CUDA Thrust slow when working with large vectors on my machine

I start CUDA and read in some tutorials. I am writing simple but terribly organized code and trying to figure out traction acceleration. (is this idea correct?). I am trying to add two vectors (with 10000000 int) to another vector by adding an array to the processor and adding device_vector to gpu.

That's what:

#include <iostream> #include "cuda.h" #include "cuda_runtime.h" #include "device_launch_parameters.h" #include <thrust/device_vector.h> #include <thrust/host_vector.h> #define N 10000000 int main(void) { float time_cpu; float time_gpu; int *a = new int[N]; int *b = new int[N]; int *c = new int[N]; for(int i=0;i<N;i++) { a[i]=i; b[i]=i*i; } clock_t start_cpu,stop_cpu; start_cpu=clock(); for(int i=0;i<N;i++) { c[i]=a[i]+b[i]; } stop_cpu=clock(); time_cpu=(double)(stop_cpu-start_cpu)/CLOCKS_PER_SEC*1000; std::cout<<"Time to generate (CPU):"<<time_cpu<<std::endl; thrust::device_vector<int> X(N); thrust::device_vector<int> Y(N); thrust::device_vector<int> Z(N); for(int i=0;i<N;i++) { X[i]=i; Y[i]=i*i; } cudaEvent_t start, stop; cudaEventCreate(&start); cudaEventCreate(&stop); cudaEventRecord(start,0); thrust::transform(X.begin(), X.end(), Y.begin(), Z.begin(), thrust::plus<int>()); cudaEventRecord(stop,0); cudaEventSynchronize(stop); float elapsedTime; cudaEventElapsedTime(&elapsedTime,start,stop); std::cout<<"Time to generate (thrust):"<<elapsedTime<<std::endl; cudaEventDestroy(start); cudaEventDestroy(stop); getchar(); return 0; } 

The CPU results look very fast, but gpu works on my machine REALLY slower (i5-2320,4G, GTX 560 Ti), the processor time is about 26, the GPU time is about 30! Did I just make a mistake with stupid mistakes in my code? or was there a deeper reason?

As a newbie in C ++, I checked my code again and again and still got a slower time on the GPU with traction, so I did a few experiments to show the difference in computing vectorAdd using five different approaches.

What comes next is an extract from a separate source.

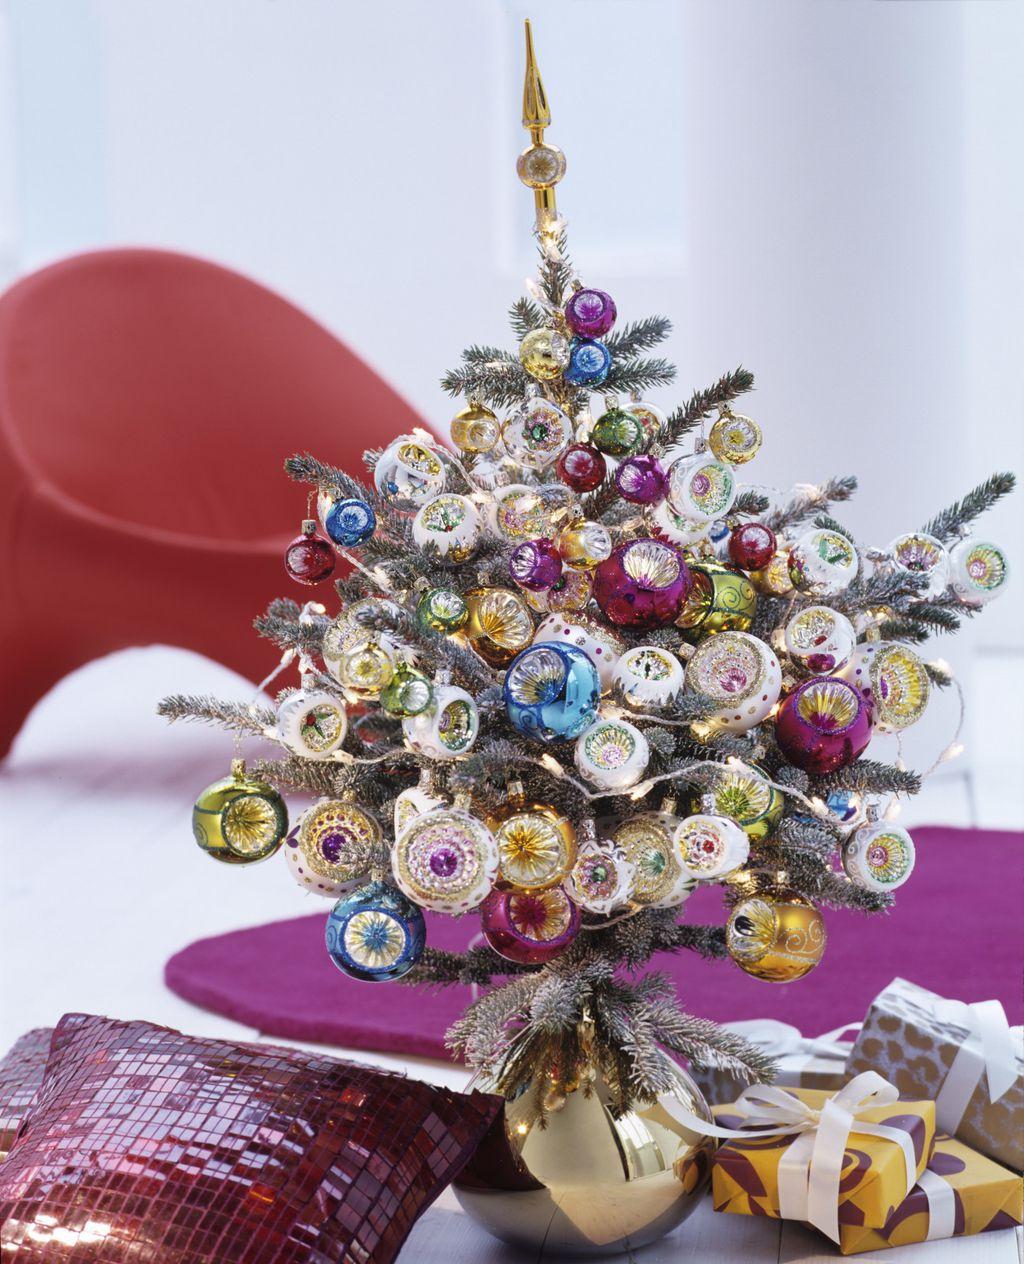 Trendovi u ukrašavanju koji će vladati ovoga Božića - 5
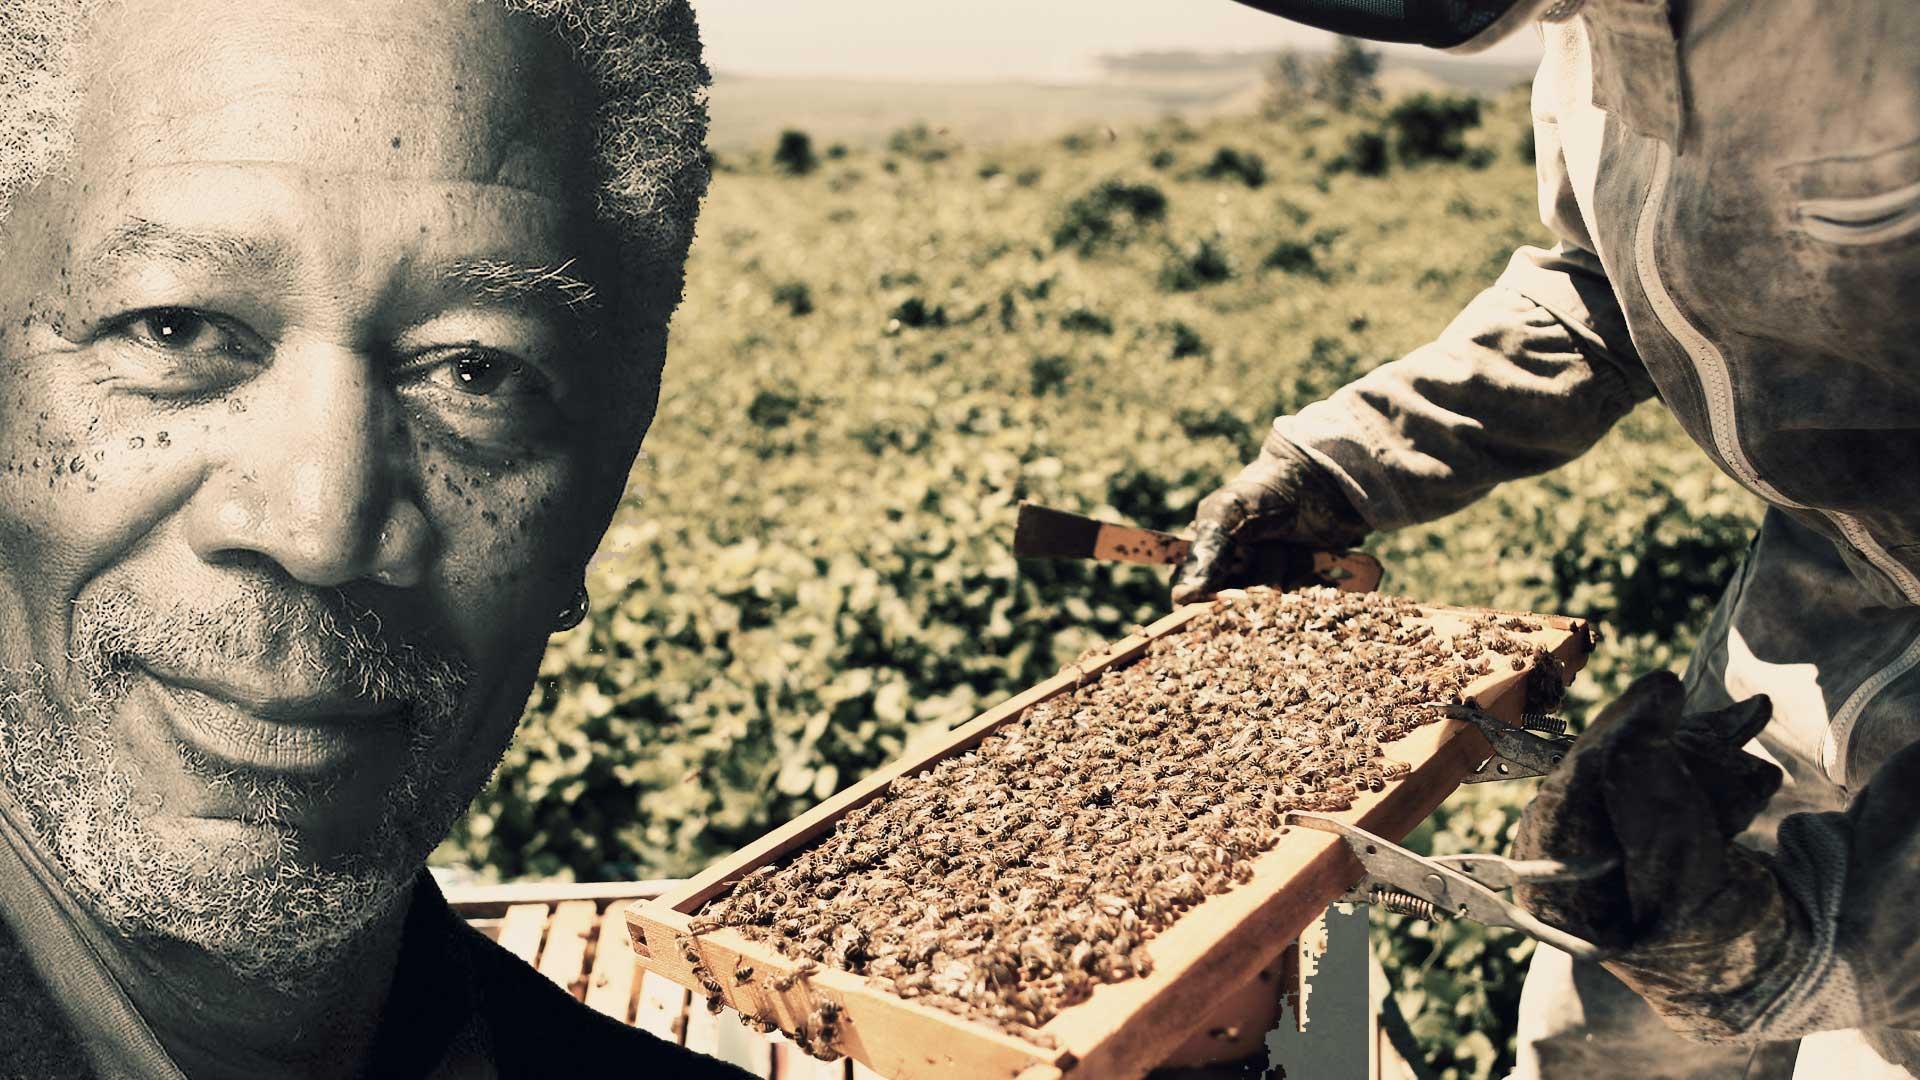 La aportación de Morgan Freeman para salvar la naturaleza con su increíble santuario de abejas

I use the Windows API QueryPerformanceFrequency() as a single time measurement method.

Each of the experiments is as follows:

 f = large_interger.QuadPart; QueryPerformanceCounter(&large_interger); c1 = large_interger.QuadPart; for(int j=0;j<10;j++) { for(int i=0;i<N;i++)//CPU array adding { c[i]=a[i]+b[i]; } } QueryPerformanceCounter(&large_interger); c2 = large_interger.QuadPart; printf("Time to generate (CPU array adding) %lf ms\n", (c2 - c1) * 1000 / f); 

and here is my simple __global__ function to add a GPU array:

 __global__ void add(int *a, int *b, int *c) { int tid=threadIdx.x+blockIdx.x*blockDim.x; while(tid<N) { c[tid]=a[tid]+b[tid]; tid+=blockDim.x*gridDim.x; } } 

and the function is called as:

 for(int j=0;j<10;j++) { add<<<(N+127)/128,128>>>(dev_a,dev_b,dev_c);//GPU array adding } 

I add the vector a [N] and b [N] to the vector c [N] for the loop 10 times:

  • add array to CPU
  • add std :: vector to CPU
  • add thrust :: host_vector for CPU
  • add thrust :: device_vector on the GPU
  • Add an array to the GPU. and here is the result

with N = 10000000

and I get the results:

  • Adding a 268.992968ms CPU Array
  • CPU std :: vector add 1908.013595ms
  • CPU Thrust :: host_vector adds 10776.456803ms
  • GPU Thrust :: device_vector addition 297.156610ms
  • GPU array adding 5.210573ms

And it confused me, I am not familiar with the implementation of the template library. Did performance really differ between containers and raw data structures?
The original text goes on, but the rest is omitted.